Strip the pictures, then copy the remaining data exactly as it stands.

[Data]
++++
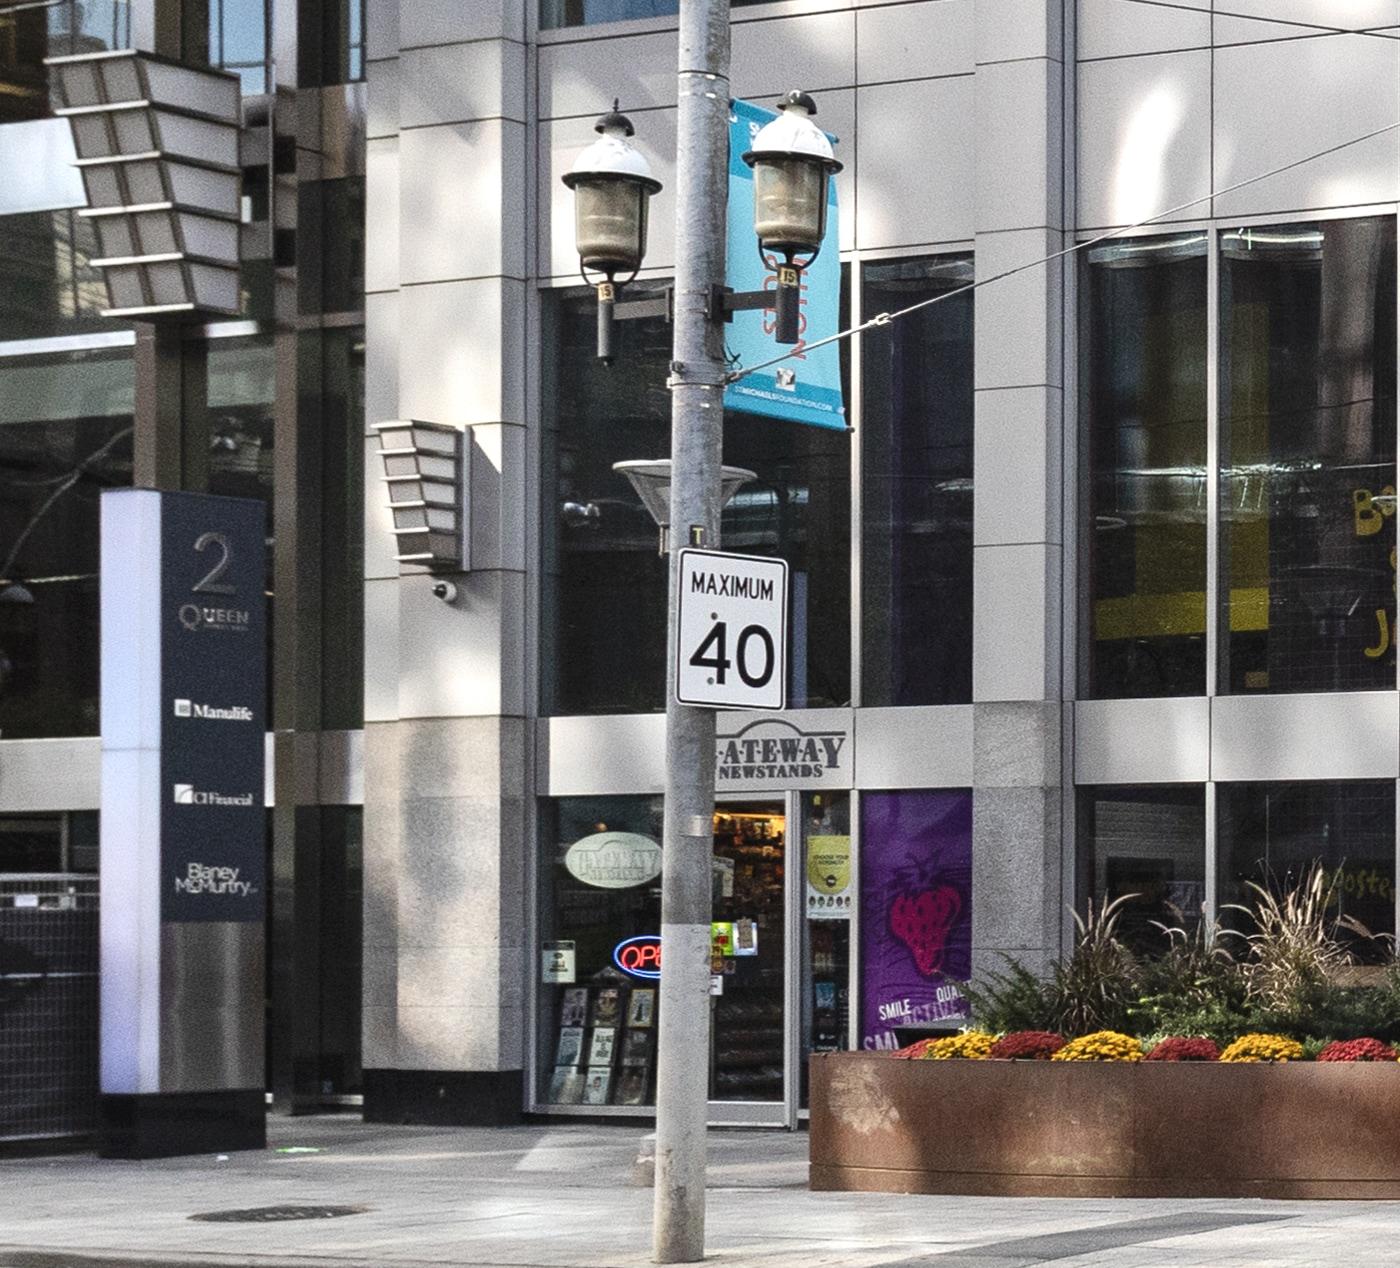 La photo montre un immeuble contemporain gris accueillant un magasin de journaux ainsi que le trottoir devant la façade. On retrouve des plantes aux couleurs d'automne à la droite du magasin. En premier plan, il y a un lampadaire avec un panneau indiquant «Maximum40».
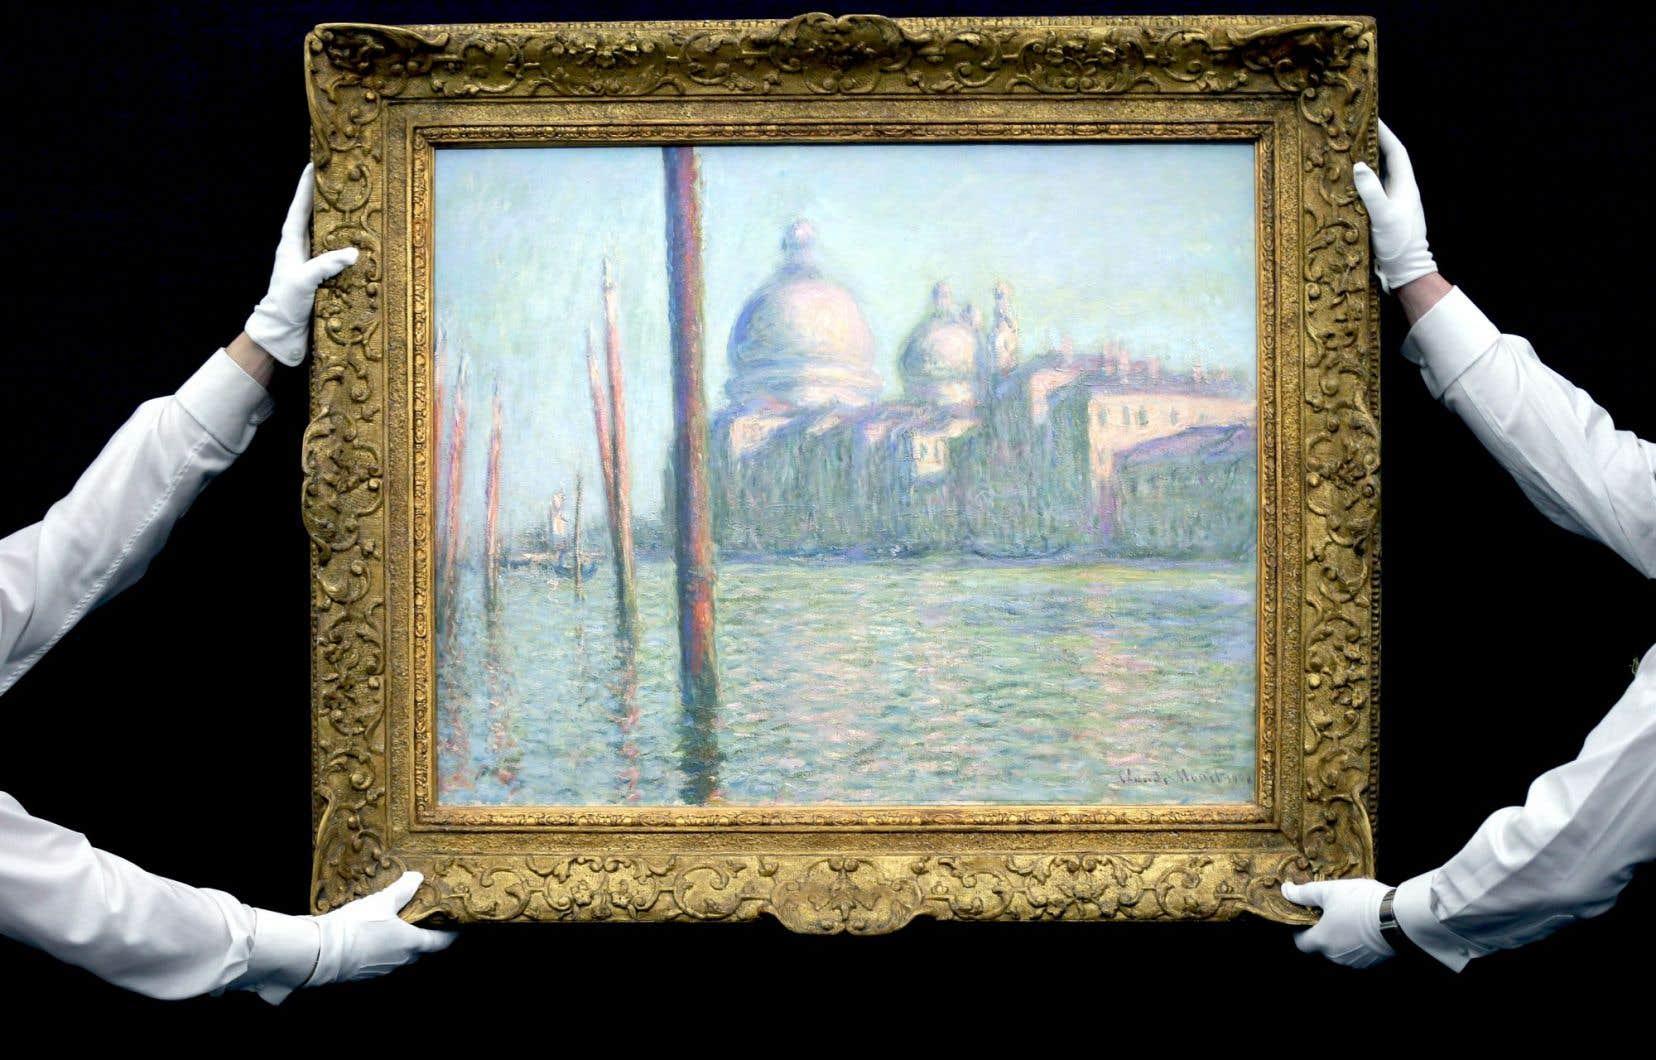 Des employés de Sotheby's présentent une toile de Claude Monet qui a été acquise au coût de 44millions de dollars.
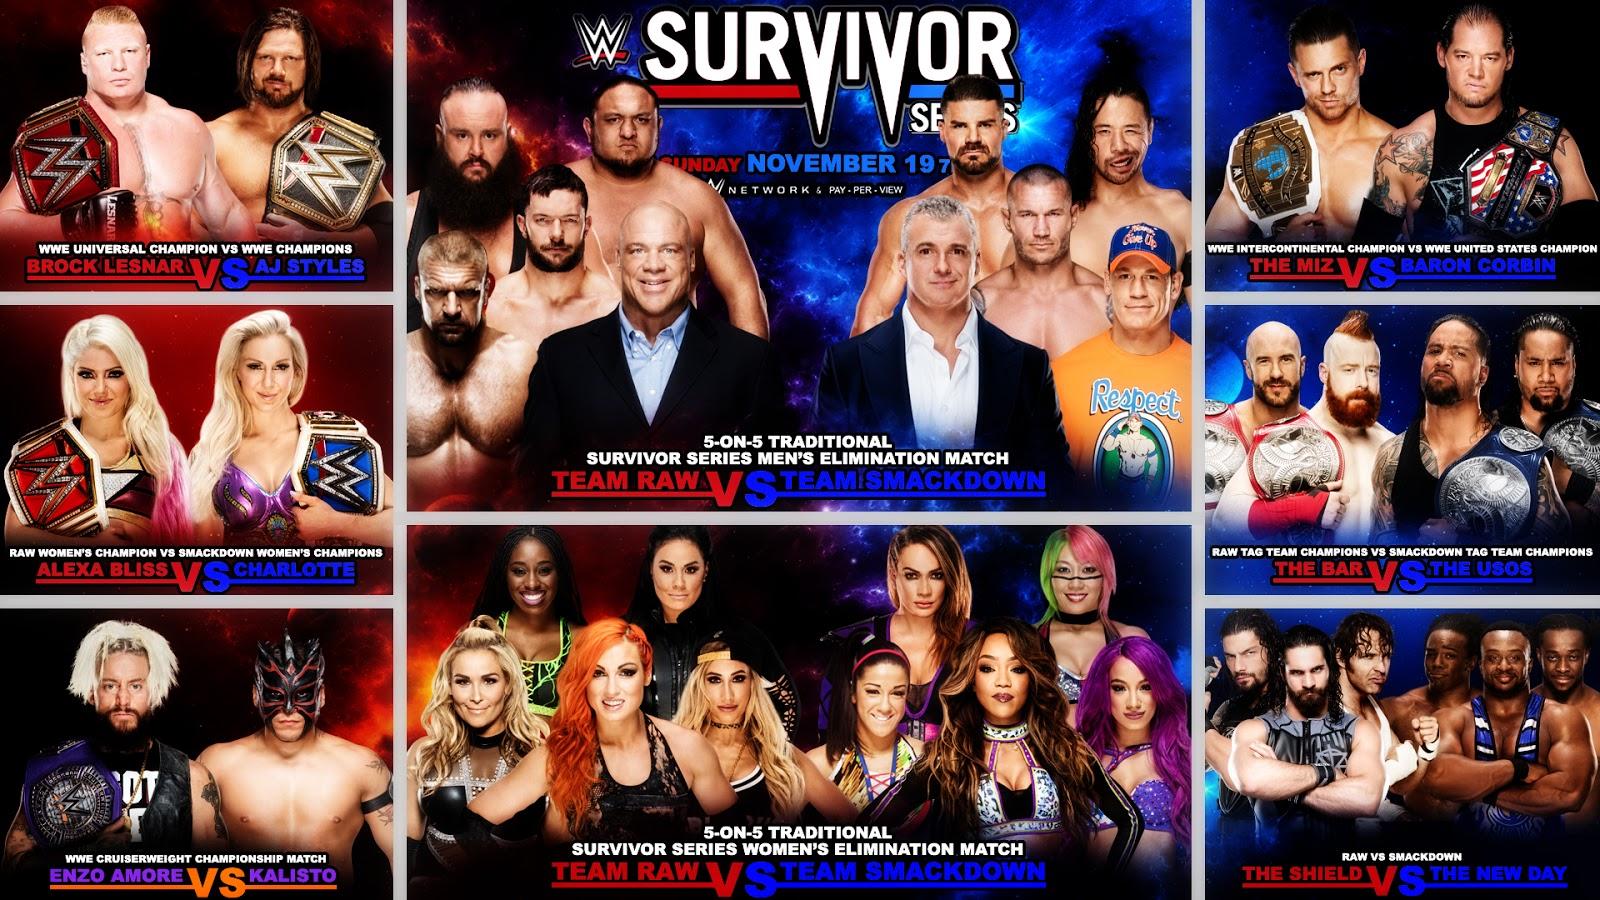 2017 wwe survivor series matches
++++
[Answer to the exercise]
 La photo montre un immeuble contemporain gris accueillant un magasin de journaux ainsi que le trottoir devant la façade. On retrouve des plantes aux couleurs d'automne à la droite du magasin. En premier plan, il y a un lampadaire avec un panneau indiquant «Maximum40».
 Des employés de Sotheby's présentent une toile de Claude Monet qui a été acquise au coût de 44millions de dollars.
 2017 wwe survivor series matches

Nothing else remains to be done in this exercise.